THE RECORDS –
-- Opening Marker --

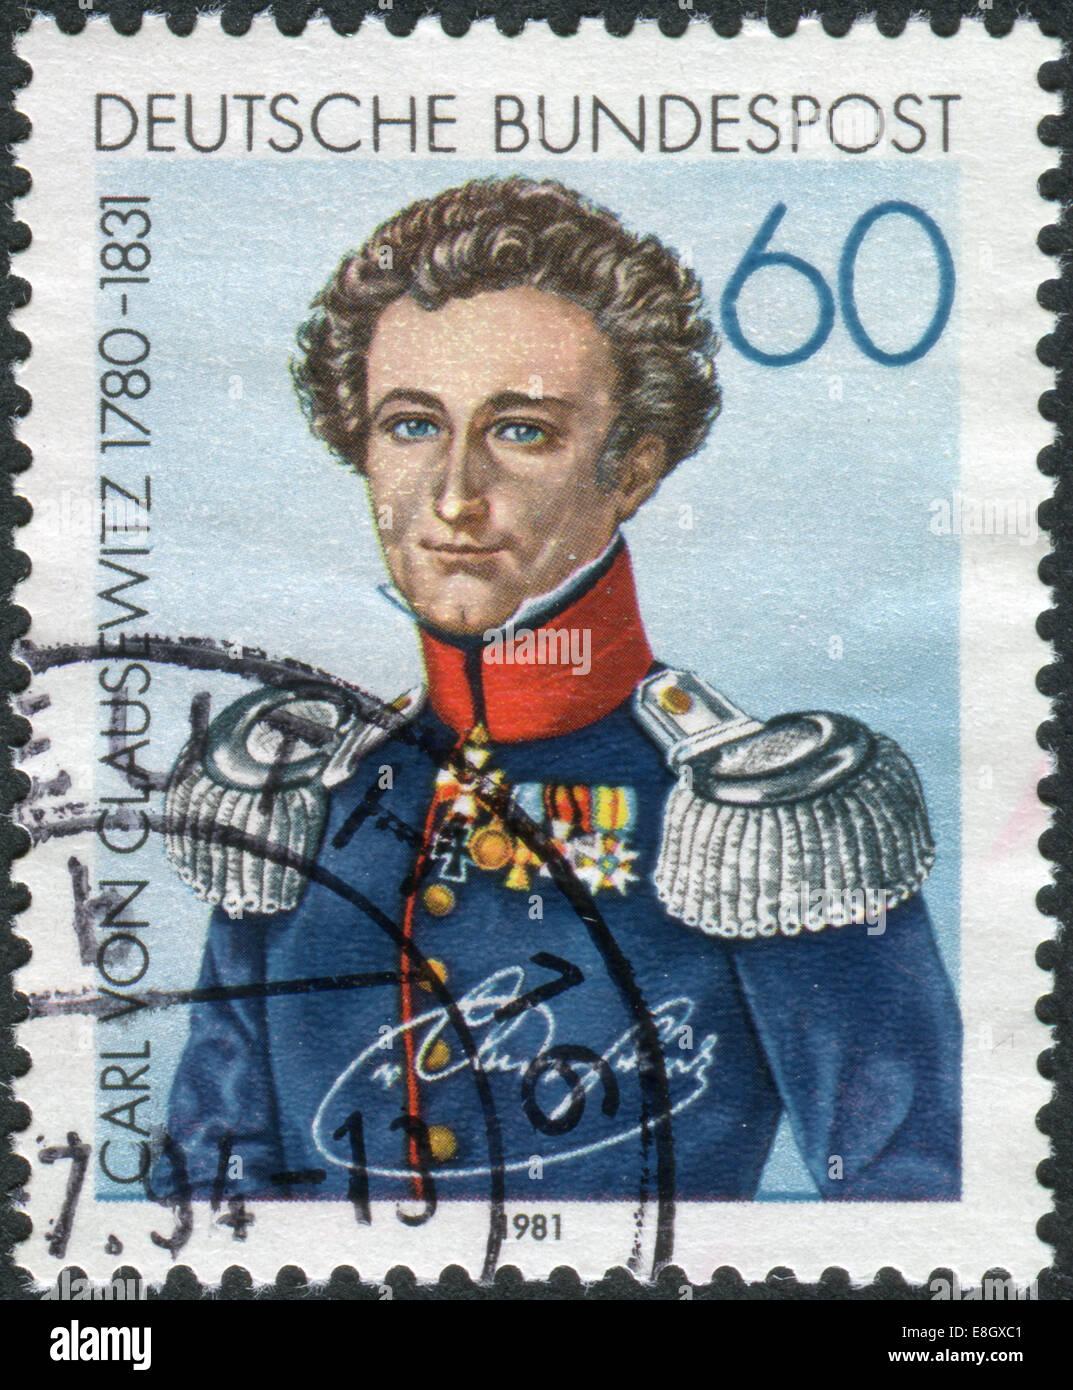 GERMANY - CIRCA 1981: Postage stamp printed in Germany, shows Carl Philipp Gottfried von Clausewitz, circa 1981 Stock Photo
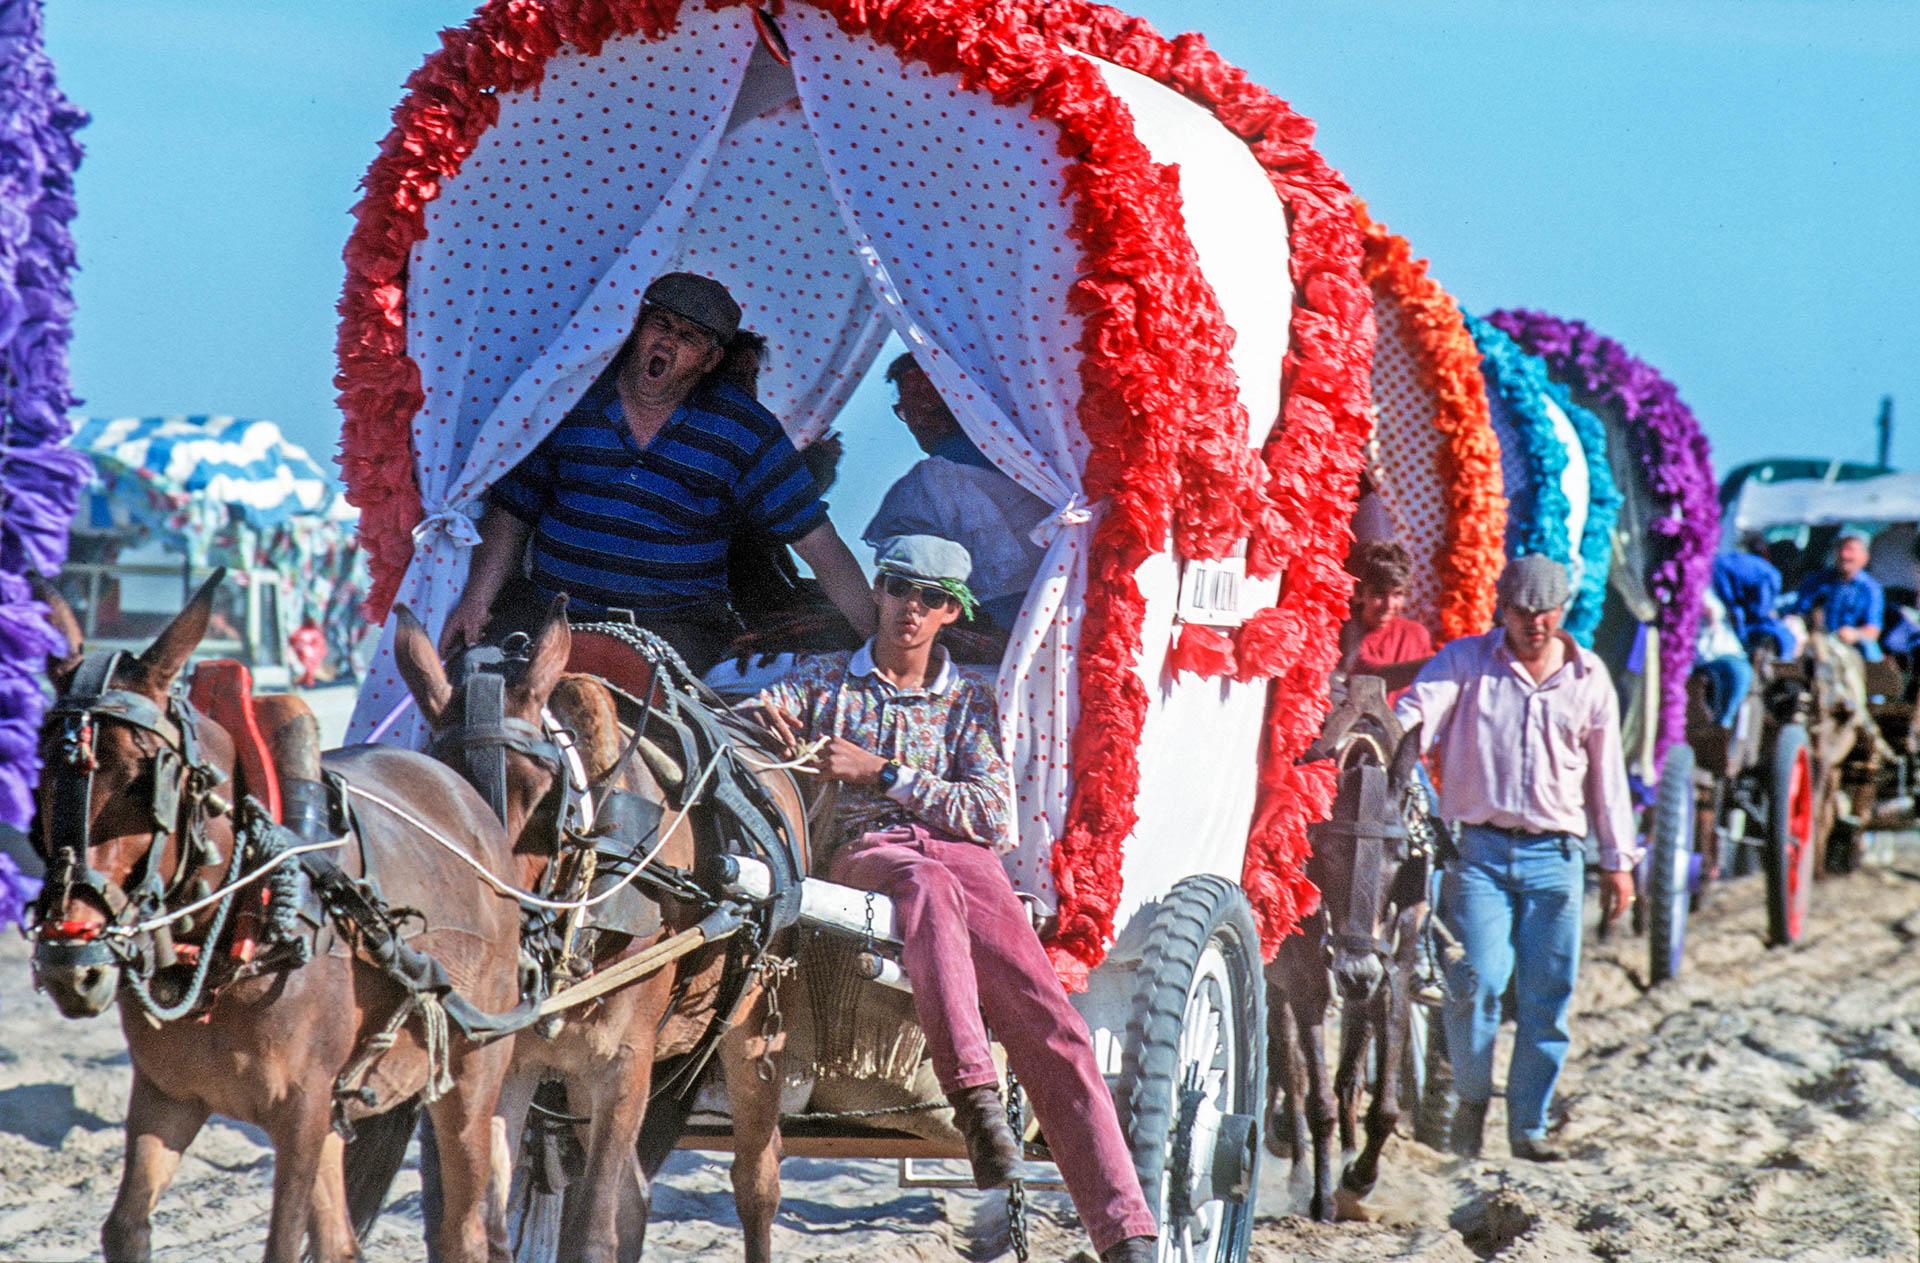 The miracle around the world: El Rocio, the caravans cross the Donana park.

-- Closing Marker --
-- Opening Marker --

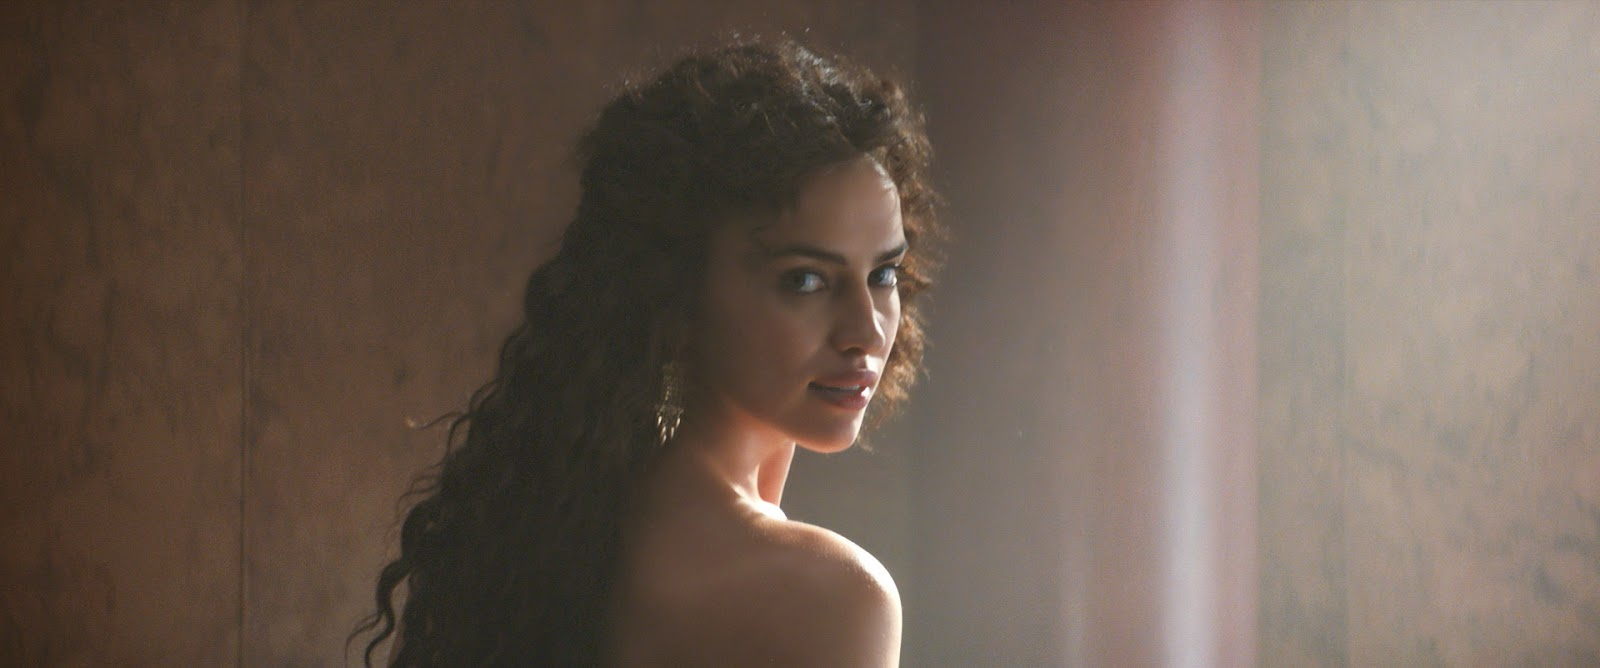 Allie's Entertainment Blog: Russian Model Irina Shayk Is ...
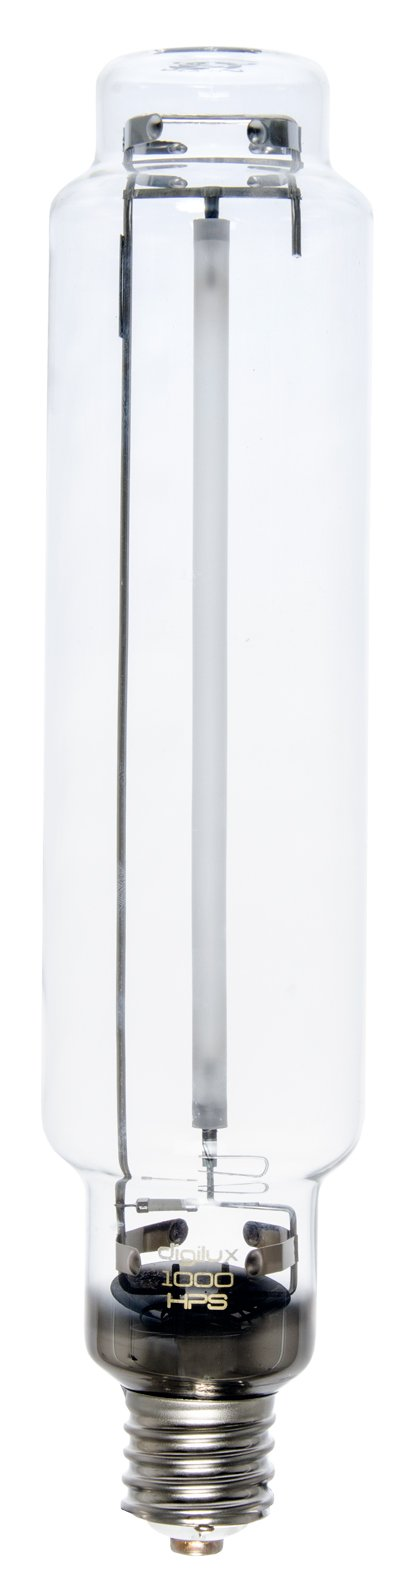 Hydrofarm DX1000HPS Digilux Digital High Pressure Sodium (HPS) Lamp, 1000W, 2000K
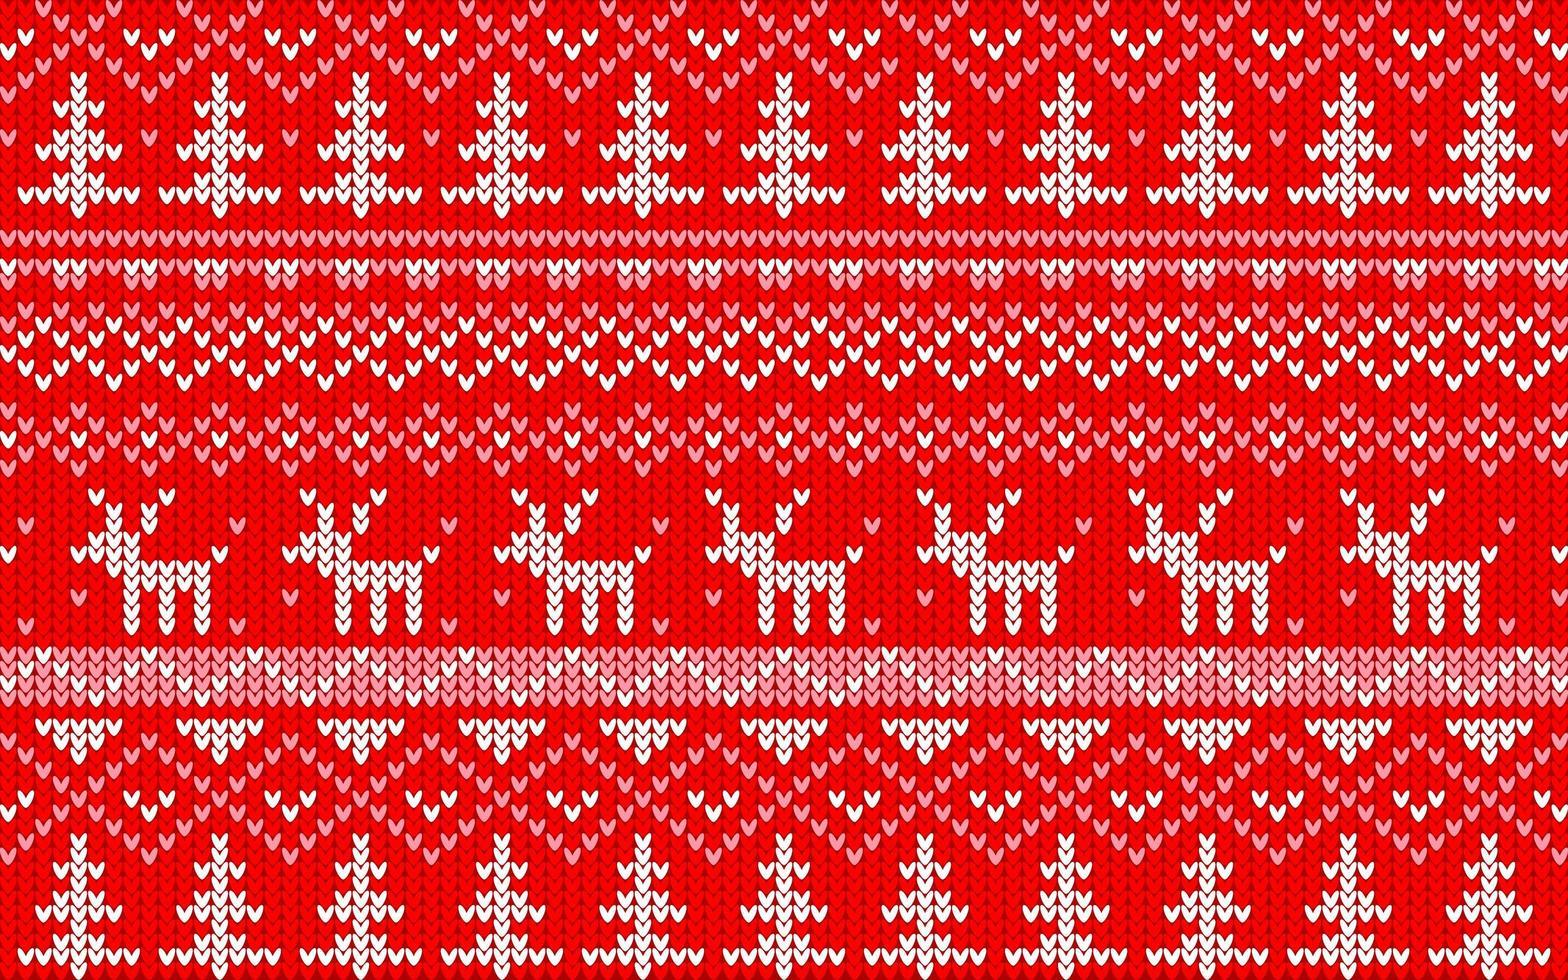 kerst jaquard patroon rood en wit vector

-- Closing Marker --

WHAT YOU HAVE TO DO – Leaving out all pictures, set down exactly the lines of the material above, from the line with "Allie's Entertainment Blog: Russian" to the line with "kerst jaquard patroon rood en wit vector" inclusive, and no others.

WRITTEN ANSWER –
 Allie's Entertainment Blog: Russian Model Irina Shayk Is ...
 Hydrofarm DX1000HPS Digilux Digital High Pressure Sodium (HPS) Lamp, 1000W, 2000K
 kerst jaquard patroon rood en wit vector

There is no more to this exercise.